# Radial arm/ router



## Michaelnewbee (Jan 10, 2013)

I have an old radial arm saw that has a section on the back for a router it's about a threaded half inch bolt. Do I need a certain type of adapter to put on a router bit. Thanks


----------



## woodnthings (Jan 24, 2009)

*It ain't a good idea*

A router bit with a 1/4" shank will spin at 15,000 rpm to 20,000 rpm, not 3450 rpm of the table saw, which is just way too slow.


----------



## Michaelnewbee (Jan 10, 2013)

Okay I was just looking on the back where it says routing carving sanding drilling and thought maybe I could put a router bit on there. Thanks for the info


----------



## woodnthings (Jan 24, 2009)

*You fell for the sales pitch too!*

The RAS is/was the most over promoted tool I know of. A "one tool shop" ...it did everything except make coffee. It does crosscut well and when set up properly it can make miters, but most folks here just set them at 90 degrees and leave 'em there. A miter jig can be used for 45 's and that's easy to make. I'm a big fan of them and within their limitations they are great. :yes:


----------



## Steve Neul (Sep 2, 2011)

I think the threaded shaft was put there for a drill chuck for the purpose of horizontal drilling.


----------



## Michaelnewbee (Jan 10, 2013)

It does say accessory power shaft with routing, carving ,sanding ,drilling. But it does make sense at the RPM's would not be fast enough for routing.


----------



## jharris2 (Jul 9, 2012)

Before I had the sanding options that I do now I used my RAS for disc and drum sanding.


----------



## jharris2 (Jul 9, 2012)

And,


















Using these,










that have a 1/4" shank. The disks come with a 1/4" spindle but not the collet. The collet would have come with your machine.
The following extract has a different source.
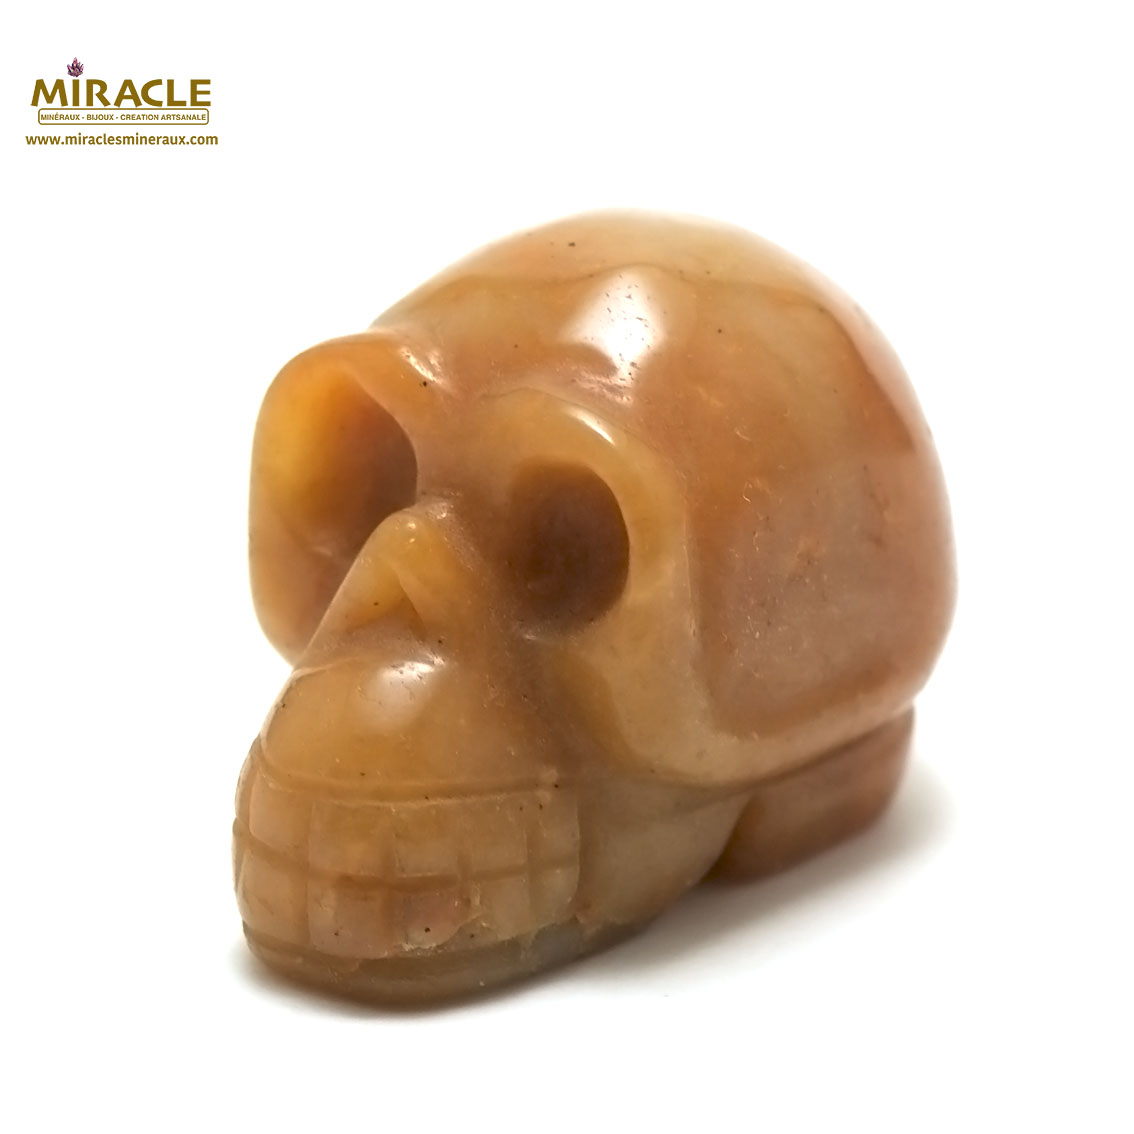 statuette minéraux  crane skull en pierre naturelle d\'aventurine orange

I wouldn't use the RAS output for routing for the previously mentioned reasons.

You can dedicate your RAS to routing by doing something like this:


----------



## Michaelnewbee (Jan 10, 2013)

That's awesome thanks. Was thinking if the rpms are around 3400 for a 10'' blade wouldn't dropping it down to 1/4 speed the rpms up?


----------



## jharris2 (Jul 9, 2012)

Oooph! Not sure Bud. Others here would be able to answer that question much better than I.

If you convert your RAS to a dedicated router then it doesn't matter 'cause in order to do so you'll remove the saw motor.

If you keep it as an RAS and use the auxiliary power output for disc and spindle sanding the RPMs are good just as they are.

If I were you I'd keep your saw as it is. It will do crosscuts on longer material much more accurately and safely than can be done on a table saw.

Although RASs are capable of doing rip cuts on long material it is EXTREMELY DANGEROUS and even the pro's here don't do it.

A bad day in the shop is one where you drop a tool or screw up a cut.

A good day in the shop is any day you leave the shop with all your limbs and digits, intact eyes etc.


----------



## jharris2 (Jul 9, 2012)

Michael,

http://www.google.com/search?hl=en&...s=1357802247555&q=radial+arm+saw+safety+rules


----------



## woodnthings (Jan 24, 2009)

*Nope*



Michaelnewbee said:


> That's awesome thanks. Was thinking if the rpms are around 3400 for a 10'' blade wouldn't dropping it down to 1/4 speed the rpms up?



RPMs stay the same...direct drive off the motor... :yes:

 










It's about the peripheral tip speed. For a 10" dia saw blade with a 5" radius going 3450 rpm, the tip is traveling at C= 2 (3.14) (5) X 3450. 10,833 inches per minute

For a 1/4" D bit the radius is .125 . C = 2 (3.14) (.125) X 3450. 2,708 inches per minute, about 4 X slower. :thumbdown:
Check my math, but I used a calculator..... :boat:


----------



## Fred Hargis (Apr 28, 2012)

At one point Sears sold a "shelf" that clamped around the motor (where the blade guard clamps) and you put a Craftsman router on it, making the saw a pin router. Yep, I had one...and it may have been a worse idea than some of the other stuff that they made for the RAS. I had a sanding drum that screwed onto that accessory shaft, and found it turned too fast for that use. Best to just leave that end of the motor alone. There was a chuck available for it, but again your limited by the motor speed as to what you can do with it.


----------



## Pirate (Jul 23, 2009)

Here is a mount I made for my CM ras. There are some interesting things you can do with it. The flat underside of the CM ras motor, even comes with 2 tapped holes to bolt the mount to.


----------